The generality of this approach can be extended to nanoparticles composed of other materials due to the range of conjugation terminal functional groups that can be introduced to either end of PEG chains. These polymers can either be synthesized in the lab using established techniques or purchased from commercial sources.
The DLS and zeta-potential measurements provided a simple method for following the nanoparticle functionalization reactions. Although the measurements are simple to perform, both measurements have inherent uncertainty in the results, since they rely on fitting data. Silica colloids have a broad size distribution, especially below 100 nm, but since DLS measures an averaged hydrodynamic diameter, the measurement should reflect a shift in the size distribution. Nonetheless, the results should be taken with caution as such a small change in diameter cannot be resolved with absolute certainty.
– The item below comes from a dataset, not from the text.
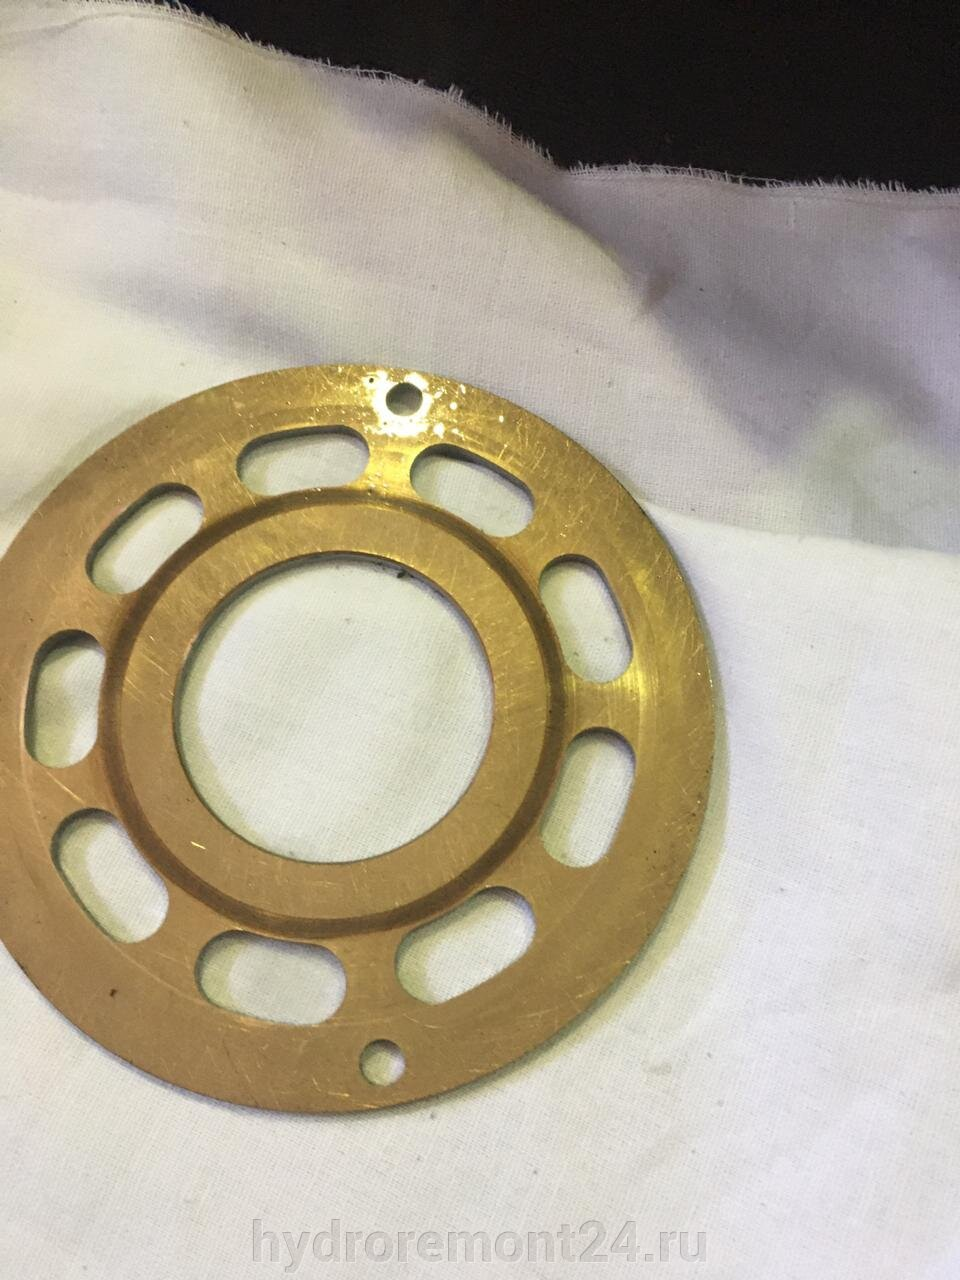 Ремонт гидромоторов Sauer Danfoss 51V160 - фото pic_fe2ee5abeb0995bd5ecc4b6c1c08d8c3_1920x9000_1.jpg

We attribute the small decrease in the zeta potential of the nanoparticles after the PEG reaction step to an increase in the diameter of the nanoparticles after the coating, where the slip-plane of the solvation sphere is pushed further away from the surface of the nanoparticle.42 Neutralizing the amine groups on the surface would otherwise make the zeta-potential more negative at a pH of 7.4. We hypothesize that the small change in zeta potential is due to the relatively low density of the PEG coating and short length of the PEG chains. In previous work, we have observed that the zeta-potential of PEG coated colloids approaches zero with dense coatings of 5 kDa MW PEG chains,36 the chain lengths being five times longer than we use here. It also has been shown that the zeta-potential of silica colloids with physically absorbed PEG chains decreases with both increased molecular weight and the number of absorbed chains.43 The zeta-potential after DNA conjugation becomes more negative, which we attribute to the increase in surface charge due to the strongly charged backbone of the DNA oligomers.
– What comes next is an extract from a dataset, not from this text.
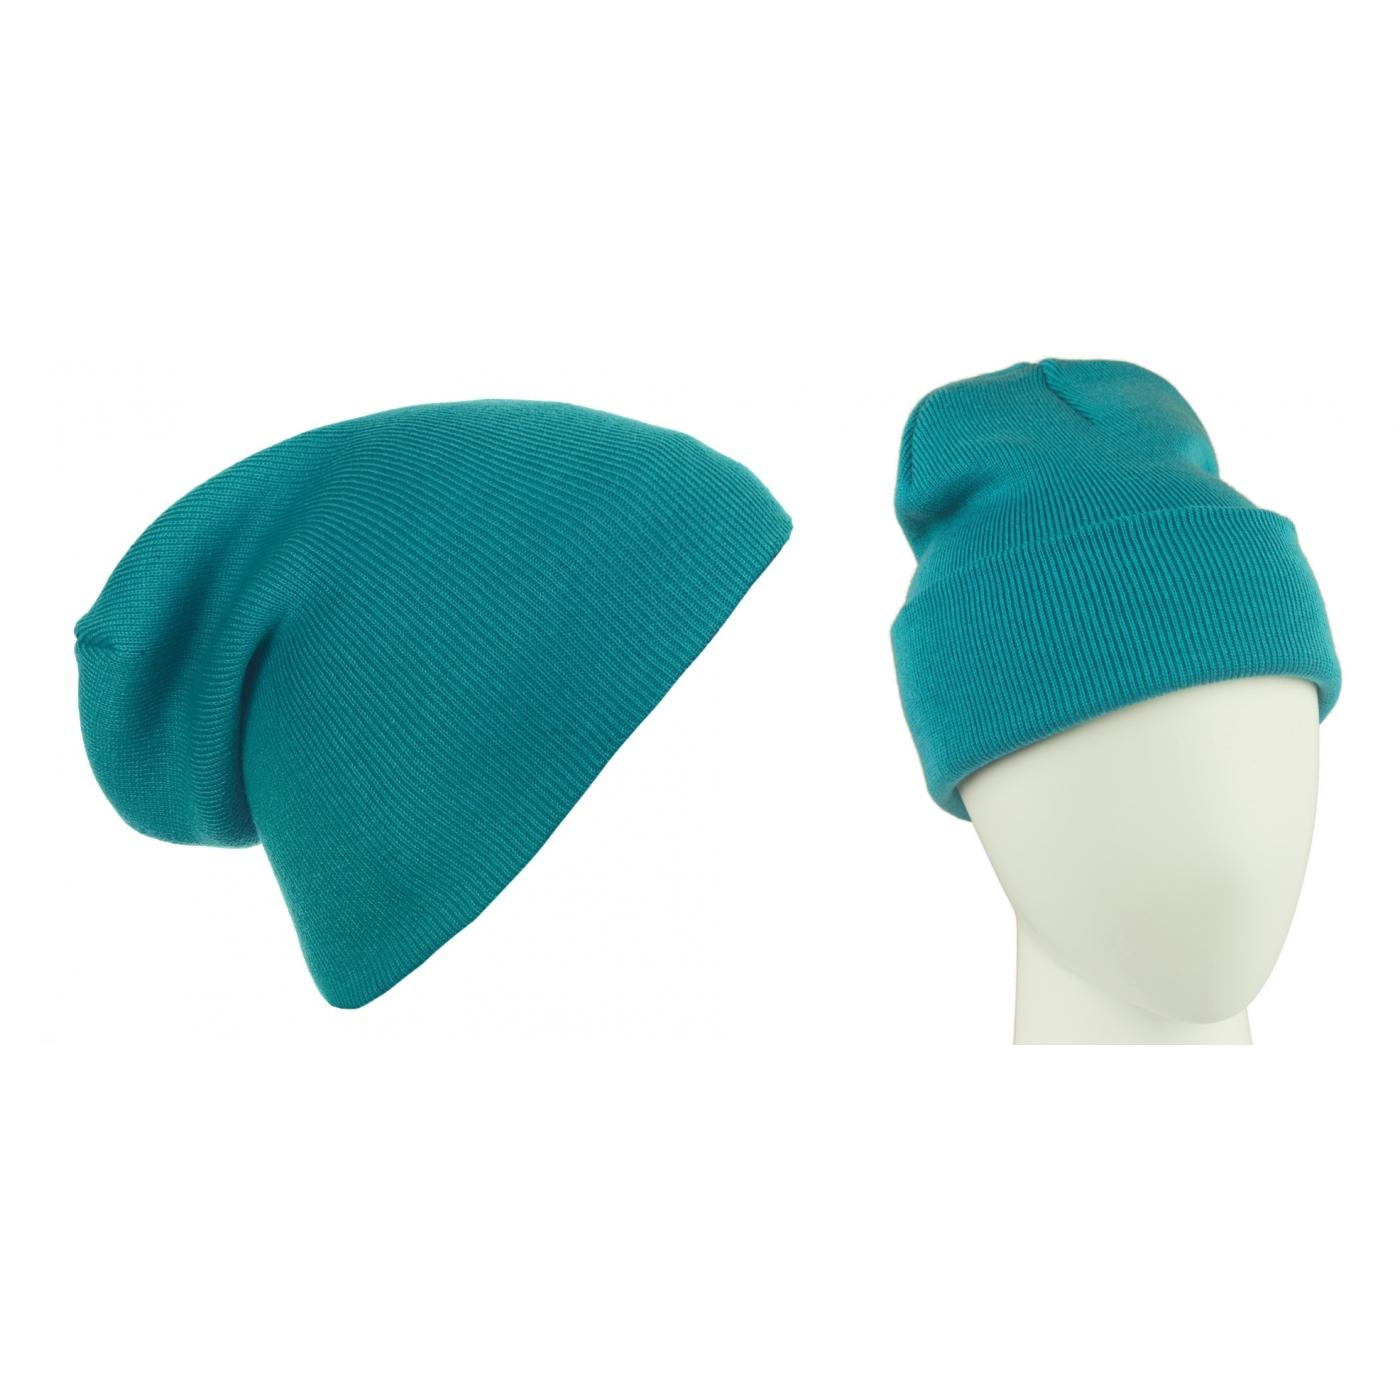 Męska czapka zimowa krasnal 3w1 - turkusowa

In our PEG-NP system, we hypothesize that the free ends of the PEG chains bridge to the uncoated portions of adjacent silica colloids at low temperatures. When the sample is heated, the colloids become dispersed forming a colloidal gas phase simply because the increased thermal motion of the colloids is high enough to overcome the weakly attractive van der Waals interactions between the PEG chains and the bare colloid surfaces. This attraction will be only of the order of few kBT (here kB is the Boltzmann constant).47
In water, PEG chains have both a lower and upper critical solution temperature (LCST, UCST). Shay et al. showed that the critical temperature for PEG-NP aggregation can be almost 100 °C lower than the LCST of free PEG chains in solution, which is about 170 °C.27 A more recent numerical study suggests that the phase transition in colloidal suspensions with low-PEG grafting densities are most likely due to polymer bridging.48 The lower critical temperature of PEG-NPs can be further lowered by increasing the salt concentration in solution.28 In this context, note that our PEG-NP samples in 10 mM PB buffer and no added NaCl salt remained in the gas phase throughout the explored temperature range. In other relevant colloid–polymers systems the polymer chains were not grafted to the colloids.45,46 At low temperatures, these colloidal systems were prevented from reaching our observed transition. In cases where the polymers were strongly absorbed to the colloid surface, no colloidal gelation was observed due to sufficient steric stabilization.41 Alternatively, in systems where the polymers were not strongly absorbed to the colloids, the colloids did aggregate at low temperatures, but the transition was instead driven by depletion interactions,45 which we do not have in our system due to the absence of free polymers.
We plan to investigate the phase space for the observed gelation transition further in the PEG-NP through varying the PEG grafting density, salt concentration, pH and PEG molecular weight. Our system of silica colloids with low PEG-grafting densities offers an alternative approach to forming macroscopic colloidal assemblies and to study further polymer–colloid interactions.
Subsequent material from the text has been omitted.